I didn't think there was any possible way to make this week any worse than it's already been. On Monday my dog got sick, on Tuesday I got sick, on Wednesday I stayed sick in bed and it only made if worse when my mom came in to tell me my goldfish, Joohwangie, had died. And you may be thinking, 'Now what could've made your week any worse than all that Roseanne?' Well I went back to school today finally feeling better.

I get up, dress in my school uniform and add my own flair to it, wanting to look good for myself and my girlfriend Jisoo.

For starters I've already been feeling down all month, you know how the seasonal depression works, but I've just not felt myself.
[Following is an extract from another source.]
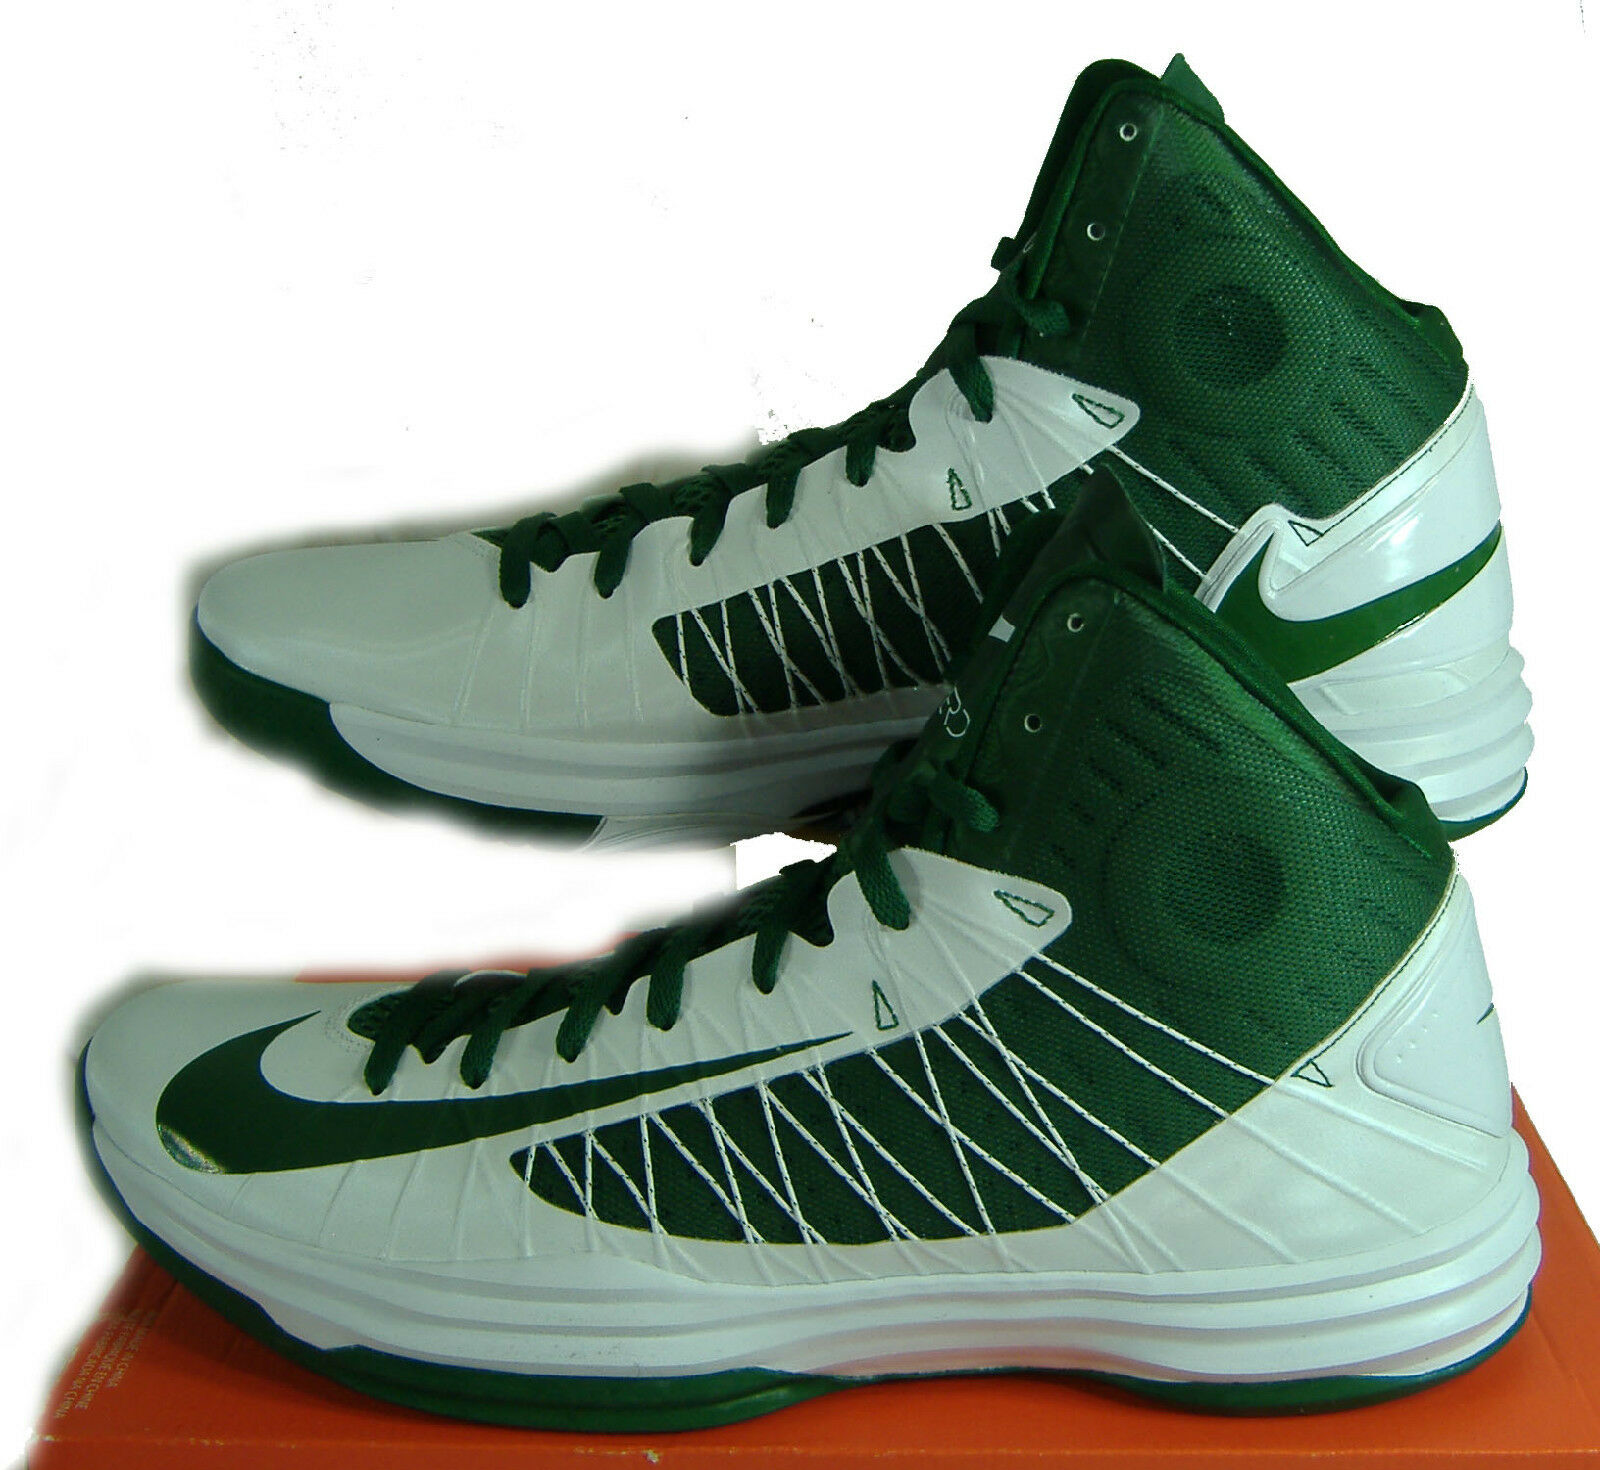 New Mens 17 NIKE Hyperdunk TB White Green High Top Shoes 125 524882-103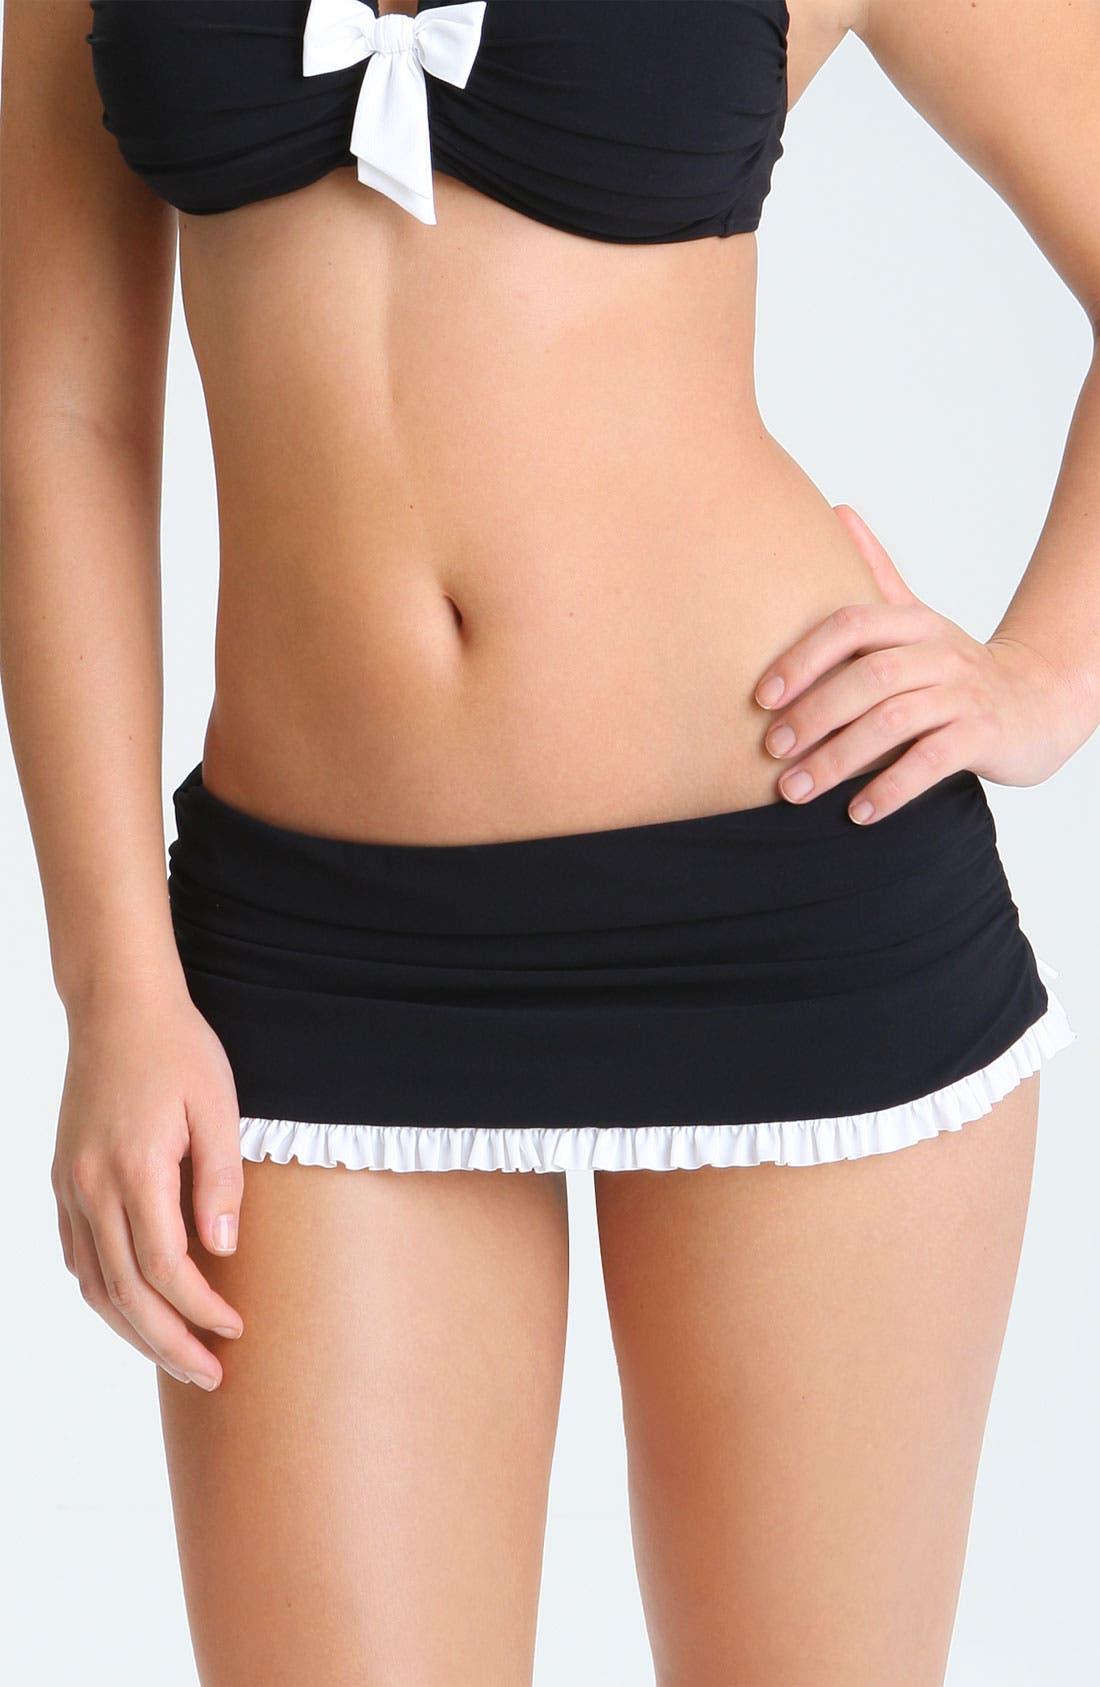 Alternate Image 1 Selected - Profile by Gottex 'Black Tie' Skirted Bikini Bottoms

But I was actually feeling okay this morning, ready to take on the world almost.

Well that thought only lasted a few hours, my sister spilled her cereal on me the second I got downstairs this morning and I had to change again, thank god for spare uniforms, I skipped breakfast because my parents were fighting again. And I grabbed my bag and started my walk to school.

And now here I am, in front of my very prestigious school, YGX Academy, staring in horror at the images, MY images, photos of me naked in the shower taped up everywhere around the front door. I lower my head and hold in my tears as I walk in and through the halls, trying to make myself as small as possible.

But no matter what I do I can still hear the whisper, the hushed laughter, and the sounds of pity. I don't go to class, I can't I'm too ashamed, I make an attempt at ripping the posters off the lockers and the walls, tears threatening to pour from my eyes.

I run to the band room, I know it's empty. Nobody has band first period, and the teacher is never in during the mornings anyway. It's my hideaway in some sorts.

I run there and lock the doors behind me, finally breaking down. Everything is against me, my parents are fighting about me, my school hates me, I'm bullied frequently and even in the streets. People curse me and throw garbage in my direction.

Maybe it really is my time? Time to just stop, time to end everything and give the people in my life some breathing room. I've been faking this smile for too long and it's all catching me now. I wipe my eyes and look around, pull my phone out of my jacket pocket and text my Jisoo before making my way to the roof of the school. It's a tall, 3 and a half story building. That should do enough damage right...

I run past all the stray sways in the hall, some laughing my way, some giving me looks of sadness or pity. I hate those looks, I shove open the doors to the stair case and slow my steps. I briskly walk up the steps, ready to get to the top and accept it.

To accept that I'm not needed nor wanted in this world, that gods had a different plan this whole time, the the voices in my head were right.

I get to the top and move to the edge of the rooftop. I step over on the ledge and close my eyes, I let the sobs rack my body and let the wind dry my tears. My hair whips around, hitting my face a few times as it flits around. I take one last breath before I lean forward, letting my mind go blank.